▸ Task statement: Given the entries below, would you transcribe exactly the lines starting at the one with "40030088. - cubio drawer cabinet" and ending at the one with "Kathleen Battle /", both kept, pictures omitted, nothing extra?

▸ Records for this exercise:
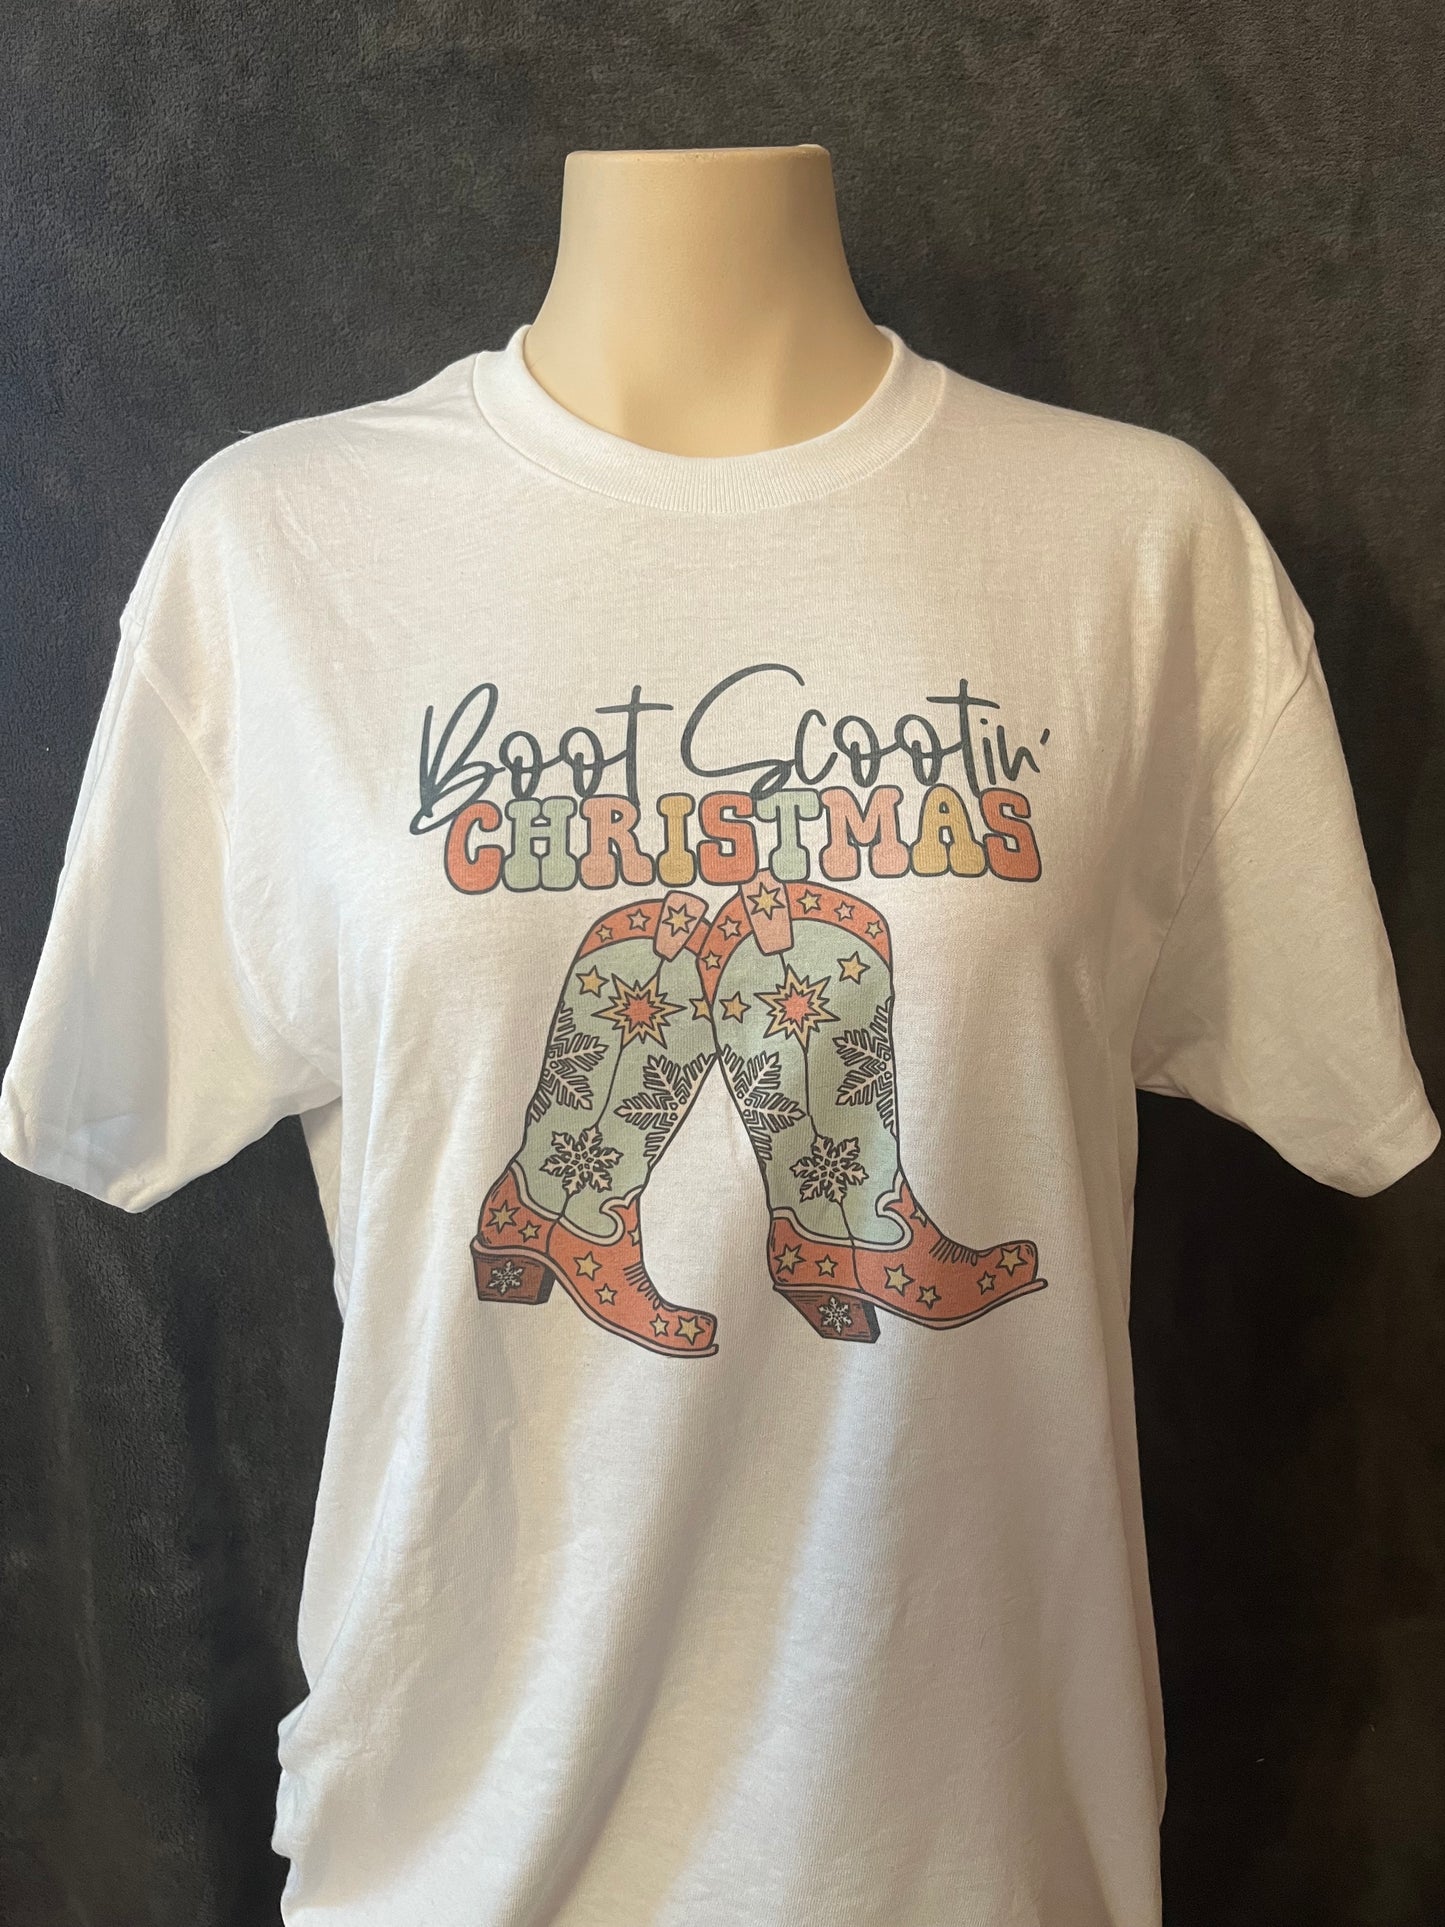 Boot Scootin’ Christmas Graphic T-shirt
--
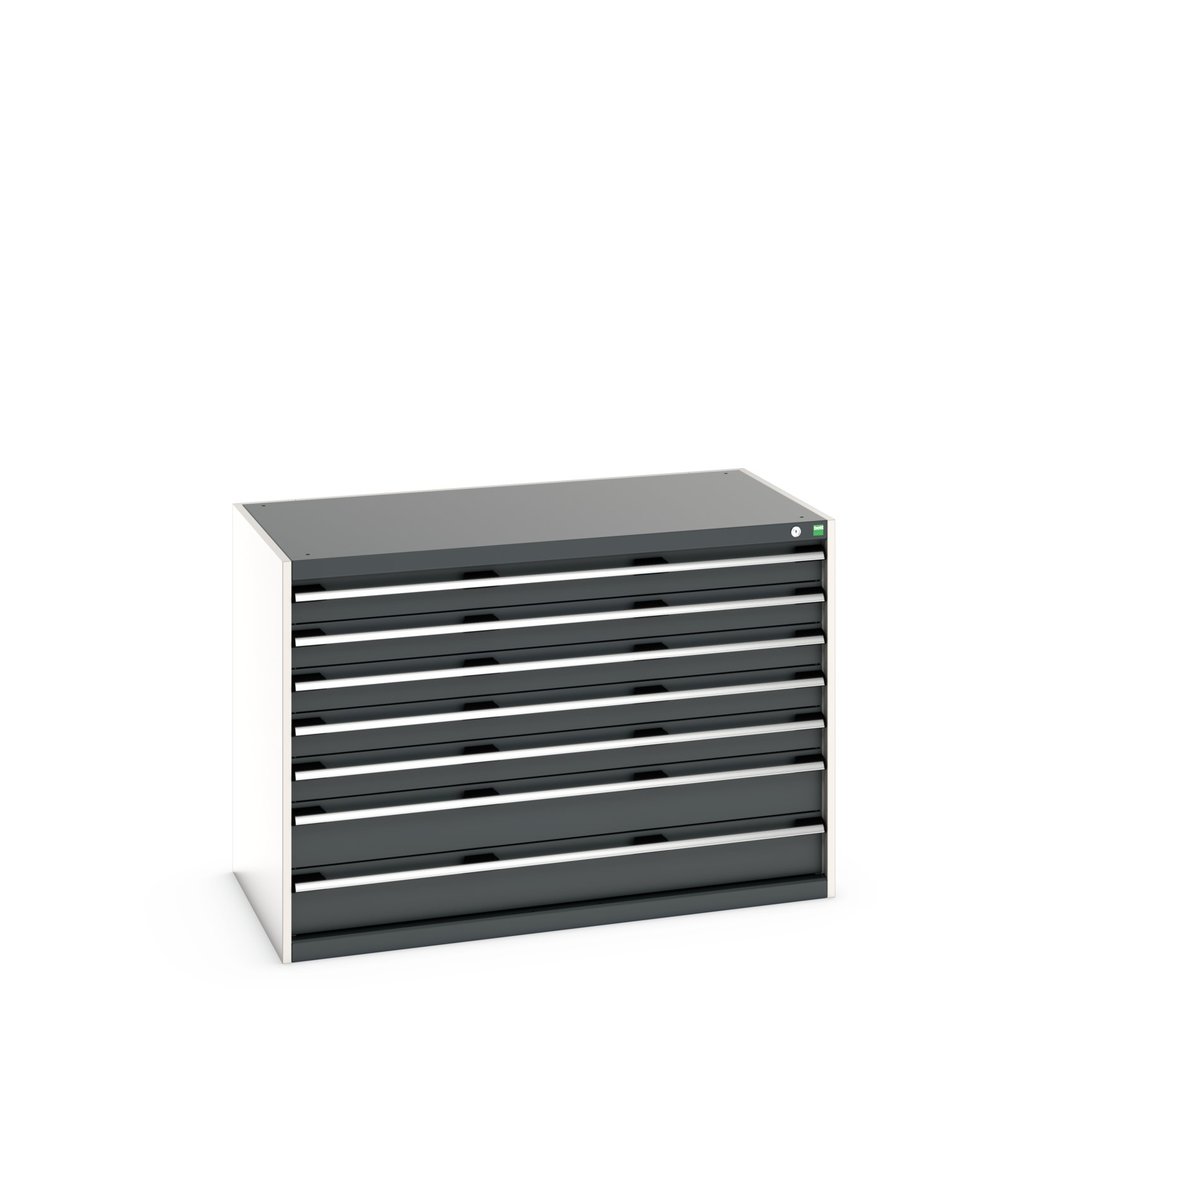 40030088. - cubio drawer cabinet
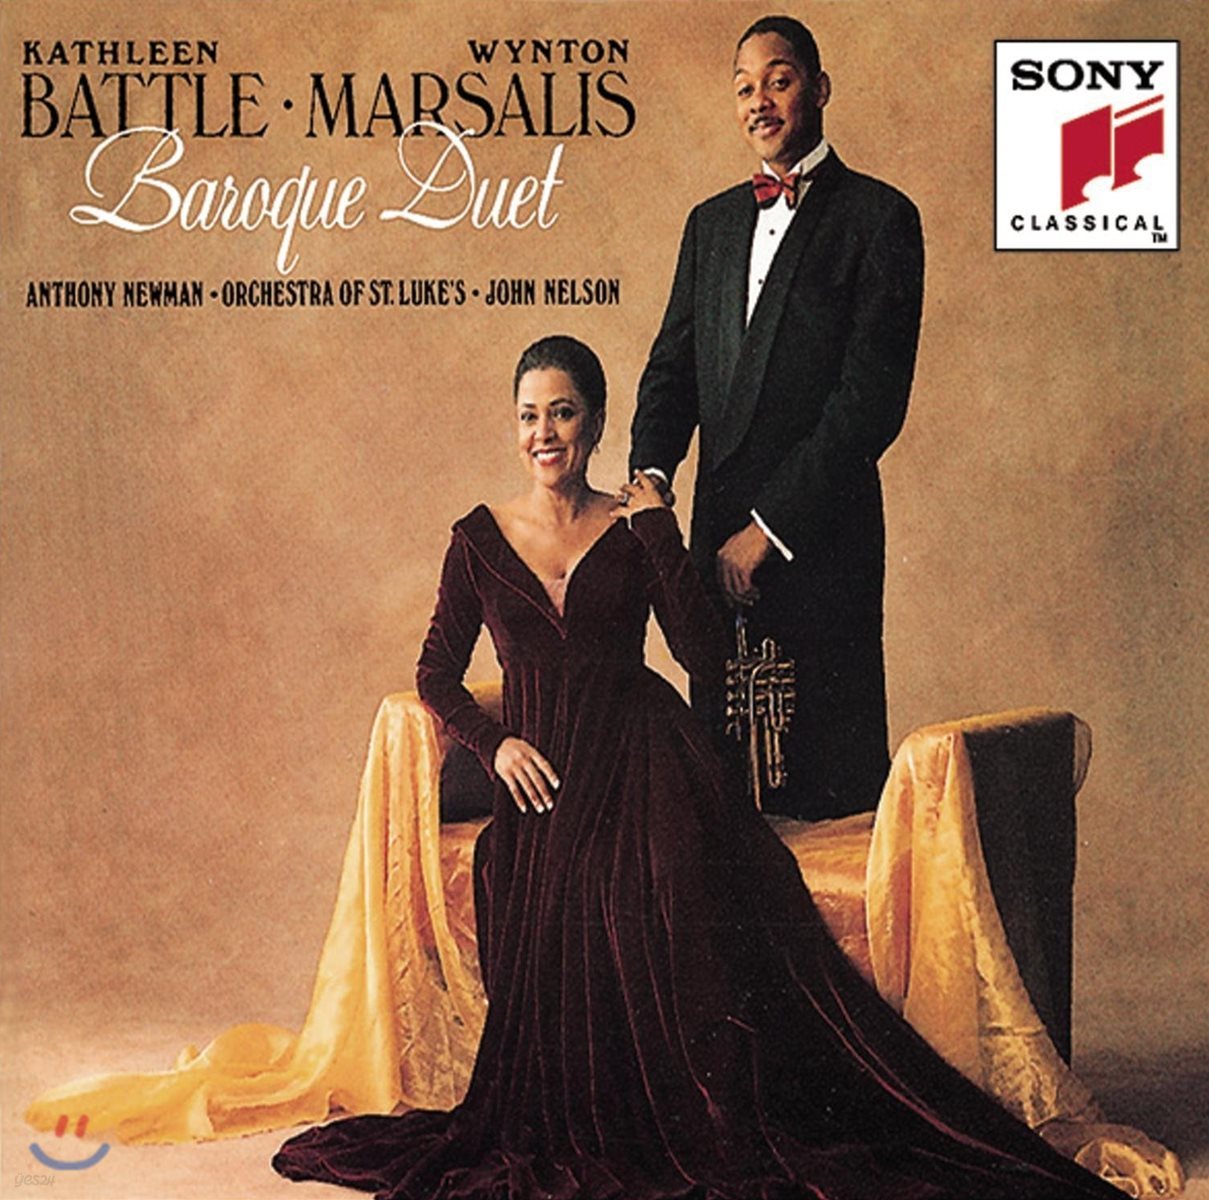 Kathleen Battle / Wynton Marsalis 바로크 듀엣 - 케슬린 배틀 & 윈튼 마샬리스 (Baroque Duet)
...
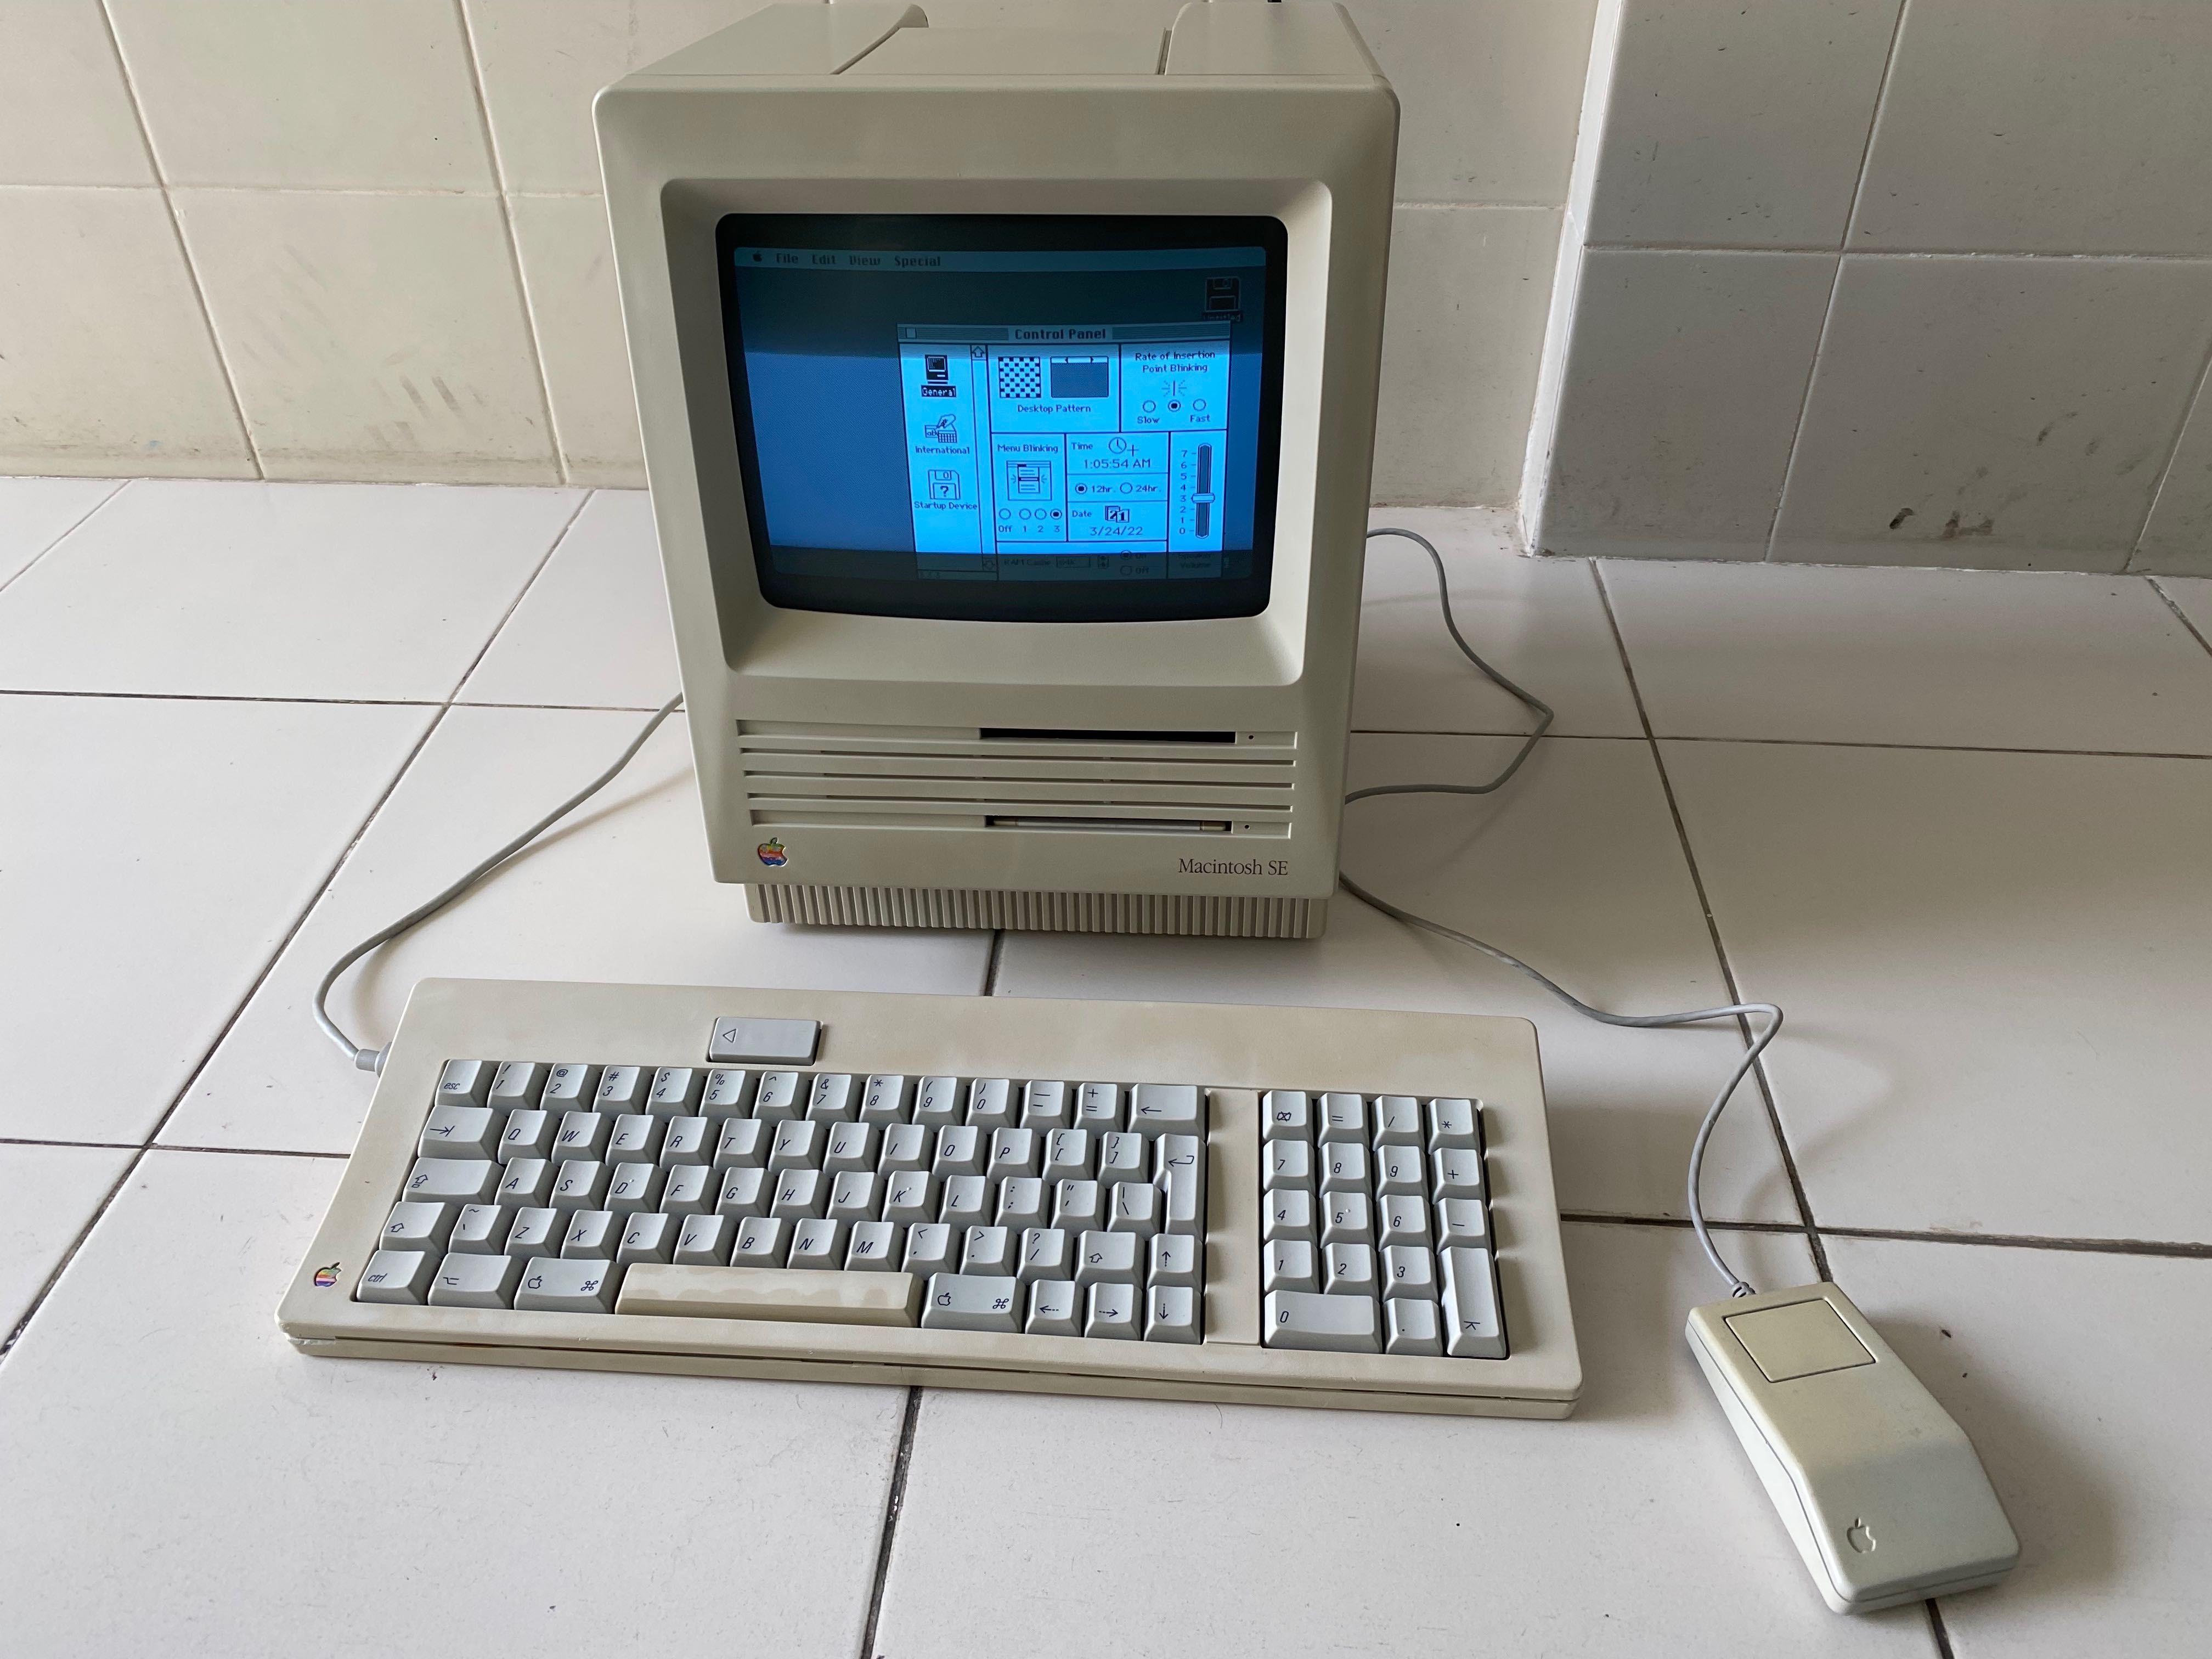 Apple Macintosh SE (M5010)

▸ The completed task:
 40030088. - cubio drawer cabinet
 Kathleen Battle / Wynton Marsalis 바로크 듀엣 - 케슬린 배틀 & 윈튼 마샬리스 (Baroque Duet)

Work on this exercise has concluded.